Determine the intervals on which the function is concave up and concave down
f(x) = 17x^2 = x^4
by differentiating I get
f'(x) = 34x+4x^3
and then I get lost. Can someone finish this up?
f'' > 0 => concave up.
f''(x) = 34+12x^2
since f'' is always positive, f is always concave up.
you can see that because x^2 and x^4 are always positive, and always increasing when x is nonzero.
also, f' = 2x(2x^2+17) which is zero only at x=0. So, only one turning point at (0,0)
Certainly! To determine the intervals on which a function is concave up or concave down, we need to analyze the second derivative of the function. Let's continue with your example.
To find the concavity of the function, we need to differentiate the first derivative, f'(x), with respect to x. Let's calculate the second derivative:
f''(x) = d/dx(34x + 4x^3)
To differentiate 34x, we get 34.
To differentiate 4x^3, we apply the power rule for differentiation. The power rule states that for any term of the form ax^n, the derivative is given by nax^(n-1). Applying this rule, we obtain:
f''(x) = 34 + 12x^2
Now we have the second derivative, f''(x) = 34 + 12x^2. To determine the intervals of concavity, we need to find where the second derivative is positive (concave up) or negative (concave down).

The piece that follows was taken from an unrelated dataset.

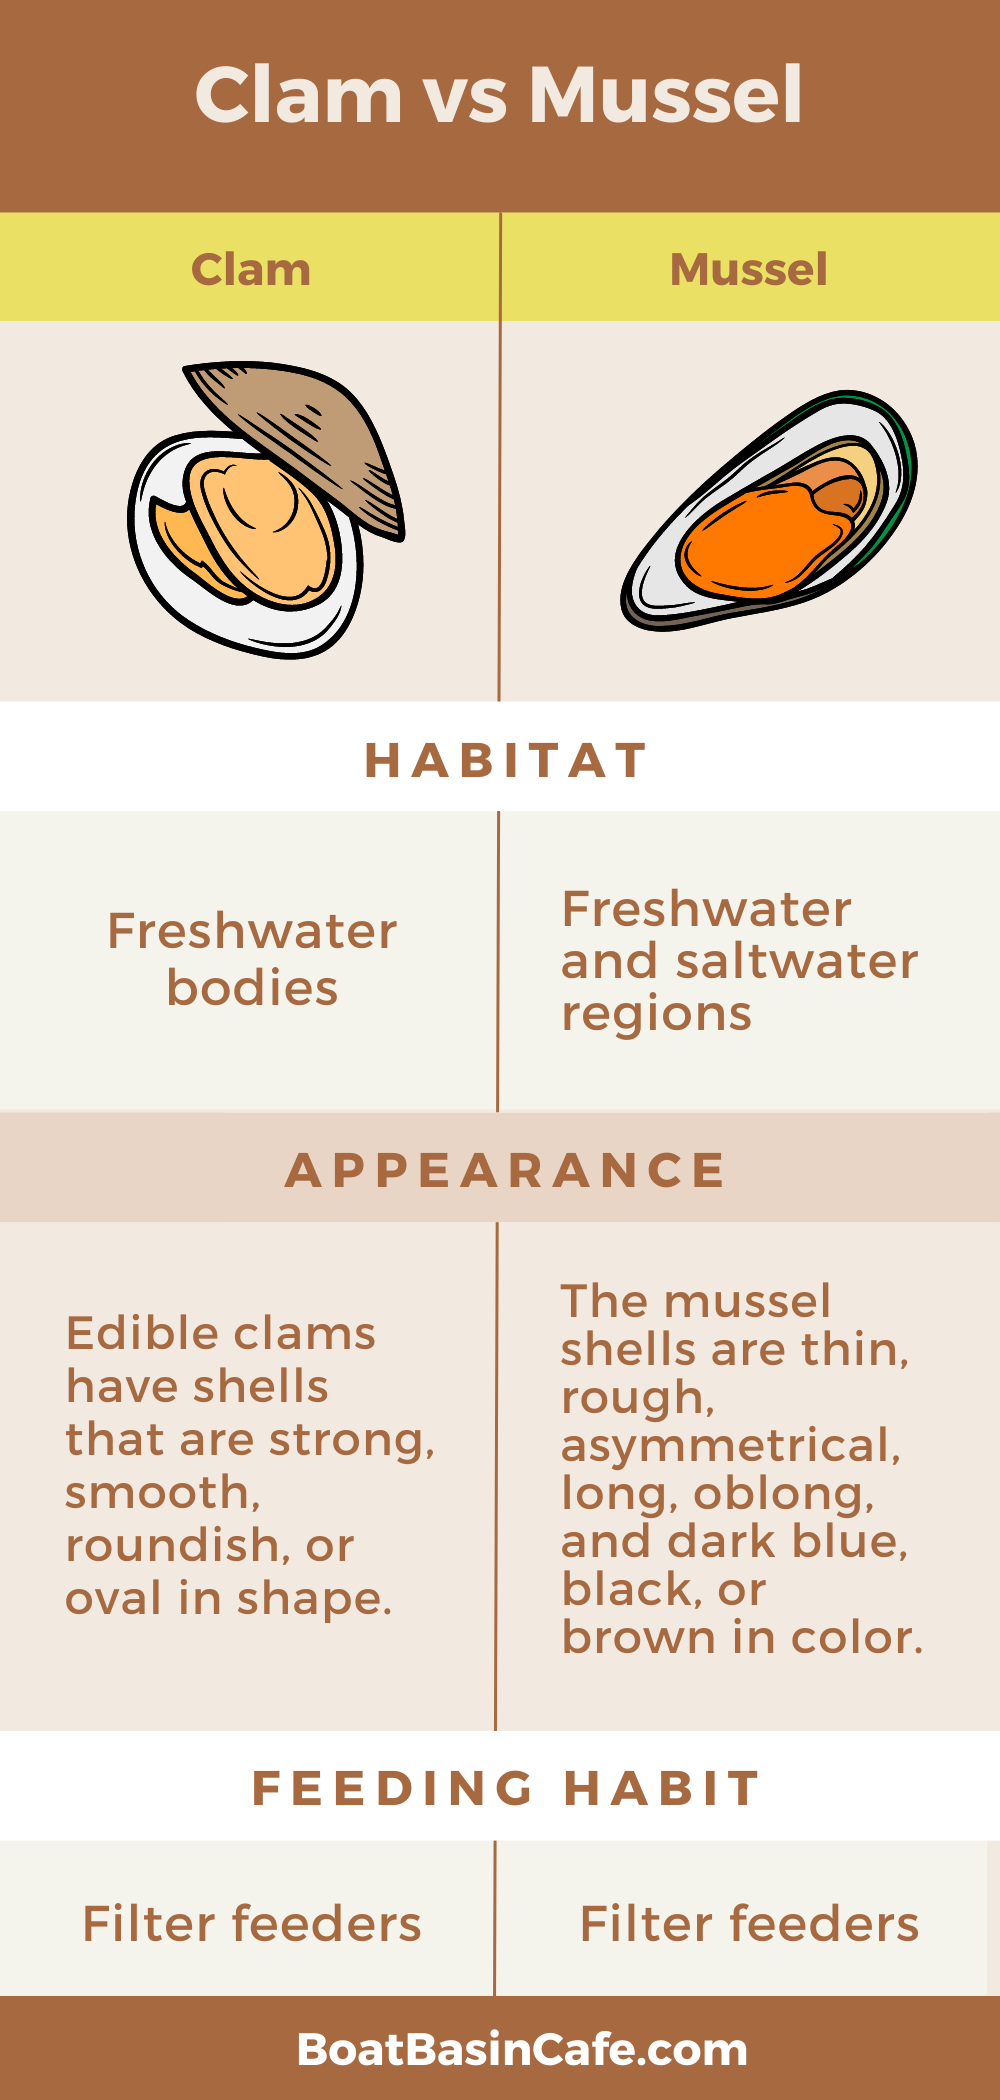 Clams vs Mussels: 6 Perbezaan Utama Dijelaskan

Setting f''(x) = 0, we get:
34 + 12x^2 = 0
Subtracting 34 from both sides, we have:
12x^2 = -34
Dividing both sides by 12, we get:
x^2 = -34/12
Simplifying, we have:
x^2 = -17/6
Since the square of a real number cannot be negative, there are no real solutions to this equation. Therefore, there are no points at which the second derivative changes sign, meaning f''(x) does not cross the x-axis.
Based on this information, the function f(x) = 17x^2 + x^4 is concave up for all real values of x.
To summarize, the function is concave up everywhere.